Zbtb11 is dispensable for primitive macrophage development but is required for maintenance of macrophage populations in definitive haemopoiesis (supports Fig. 3h)

a. Macrophages are ablated after 11 h treatment with metronidazole (t=0 hpt);

b. Macrophage repopulation occurs in both control and zbtb11 morphants;

c. Neutrophils in the same animals and conditions as for a are unaffected by macrophage ablation (n=3 experiments; mean ±SEM);

d. Macrophages are depleted in mne at 72-96 hpf (n=3 experiments; each point represents an embryo; pooled data with embryos from individual experiments shown in different colours; 72 hpf, n=32,29; 96 hpf, n=41,38; mean ±SEM; Mann-Whitney test); panels a, b scale bar = 100 μm.

Zbtb11 deficiency results in increased apoptosis and cell cycle arrest (supports Fig. 4)

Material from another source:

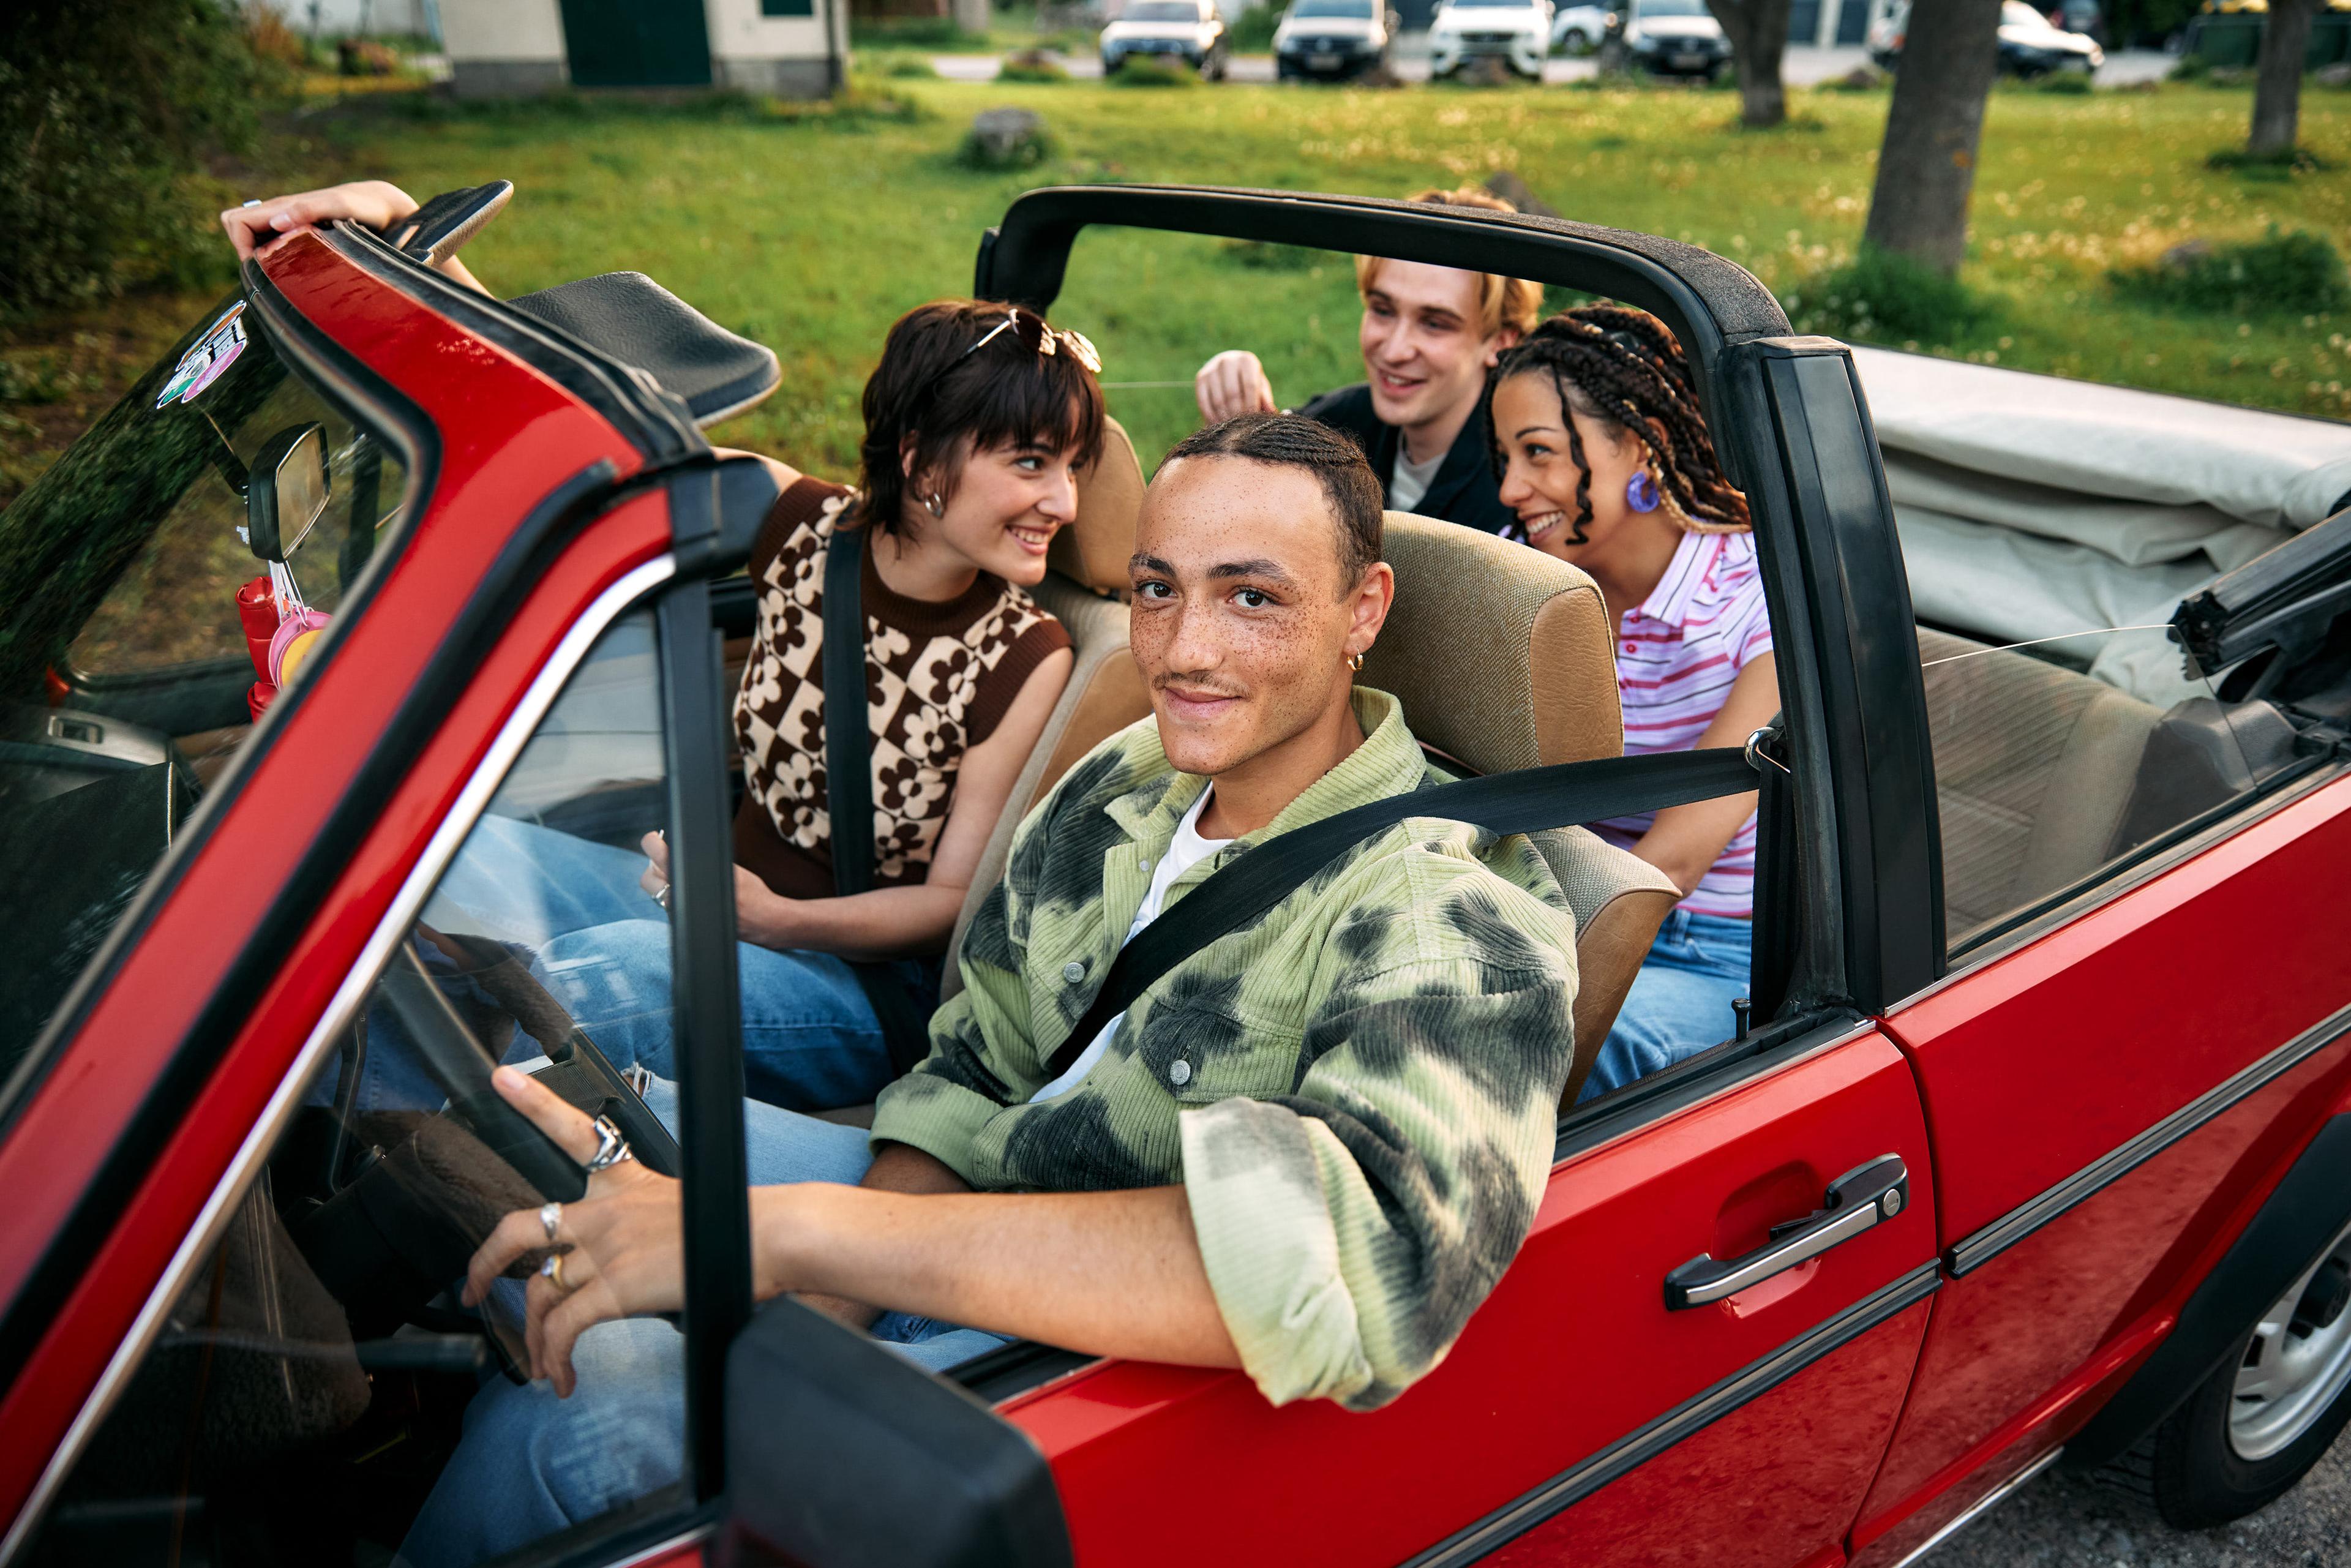 Zu sehen ist ein rotes Cabrio und vier Jugendliche. Während der Fahrer schon angeschnallt auf seinem Platz sitz, sind die anderen dabei, voller Vorfreude einzusteigen.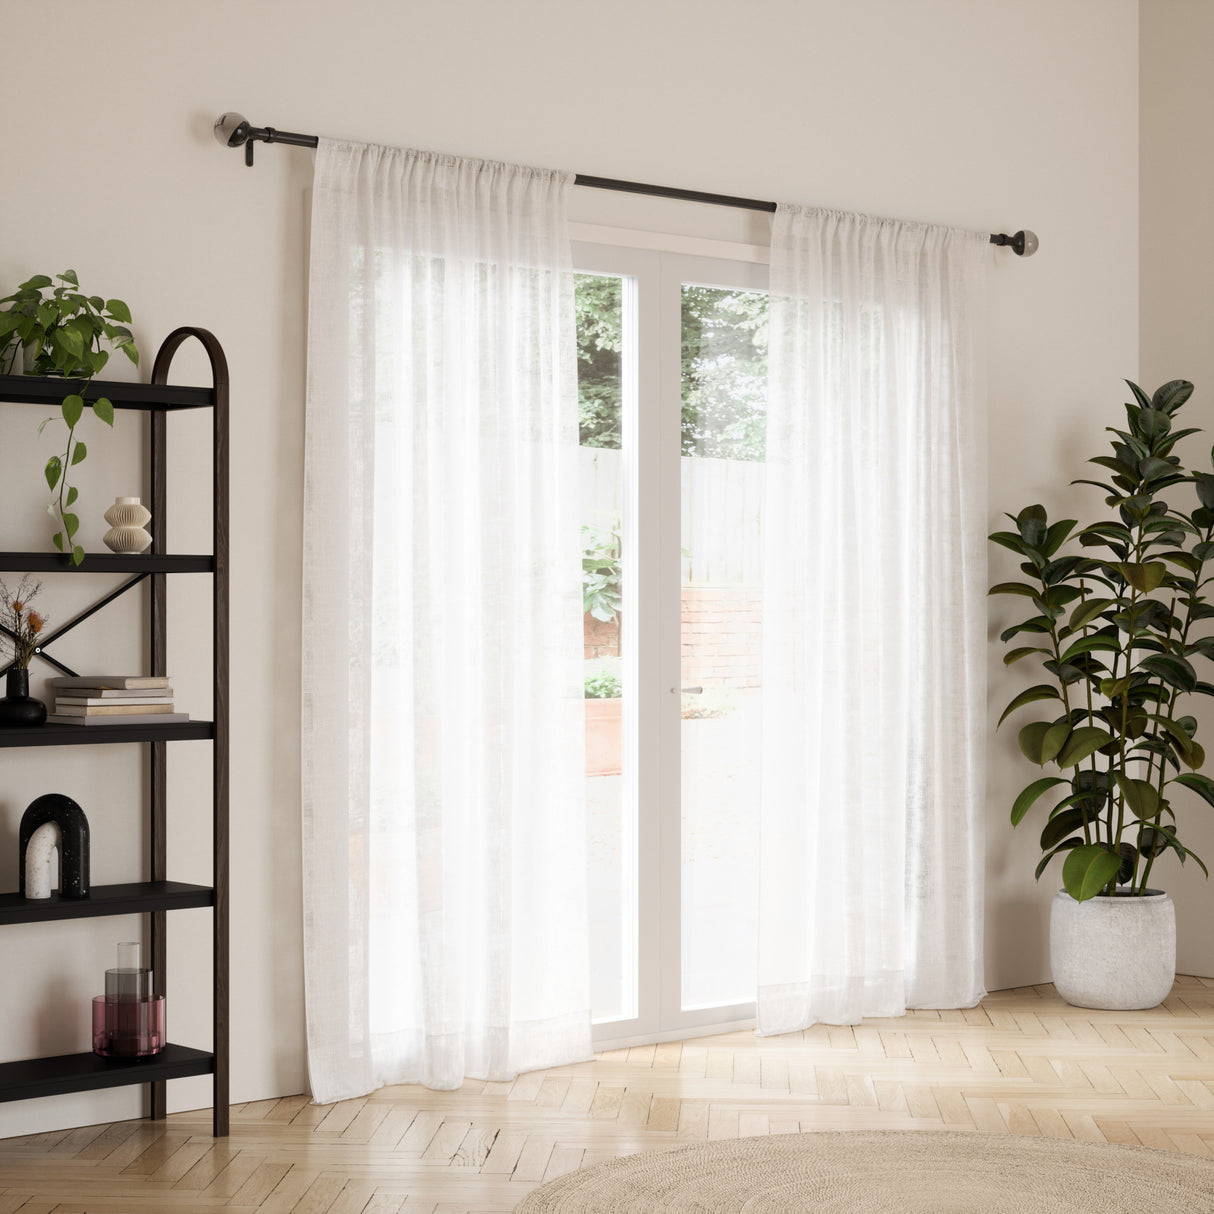 Single Curtain Rods | color: Eco-Friendly Matte-Black | size: 42-120" (107-305 cm) | diameter: 1" (2.5 cm)

a. Overlay of lyz:dsRed and secA5:mVenus expression shows that apoptotic cells are not coincident with neutrophils in mne. Area in yellow box is expanded in lower panel;

b. Quantification of apoptotic cells in zbtb11lo. Pooled data with embryos from individual experiments shown in different colours (mne (n=1) or zbtb11 morphants (n=2) and WT (n=3) experiments); from left to right: n=25,28,30,20; mean ±SEM; Mann-Whitney test);

c. Representative images of EdU positive cells in the caudal haemopoietic tissue in WT and mne;

d. Quantification of EdU positive cells in mne and WT; n=3 experiments, pooled data with embryos from individual experiments shown in different colours; WT, n=63; mne, n=73; mean ±SEM; Mann-Whitney test); panels a, c scale bar = 200 μm.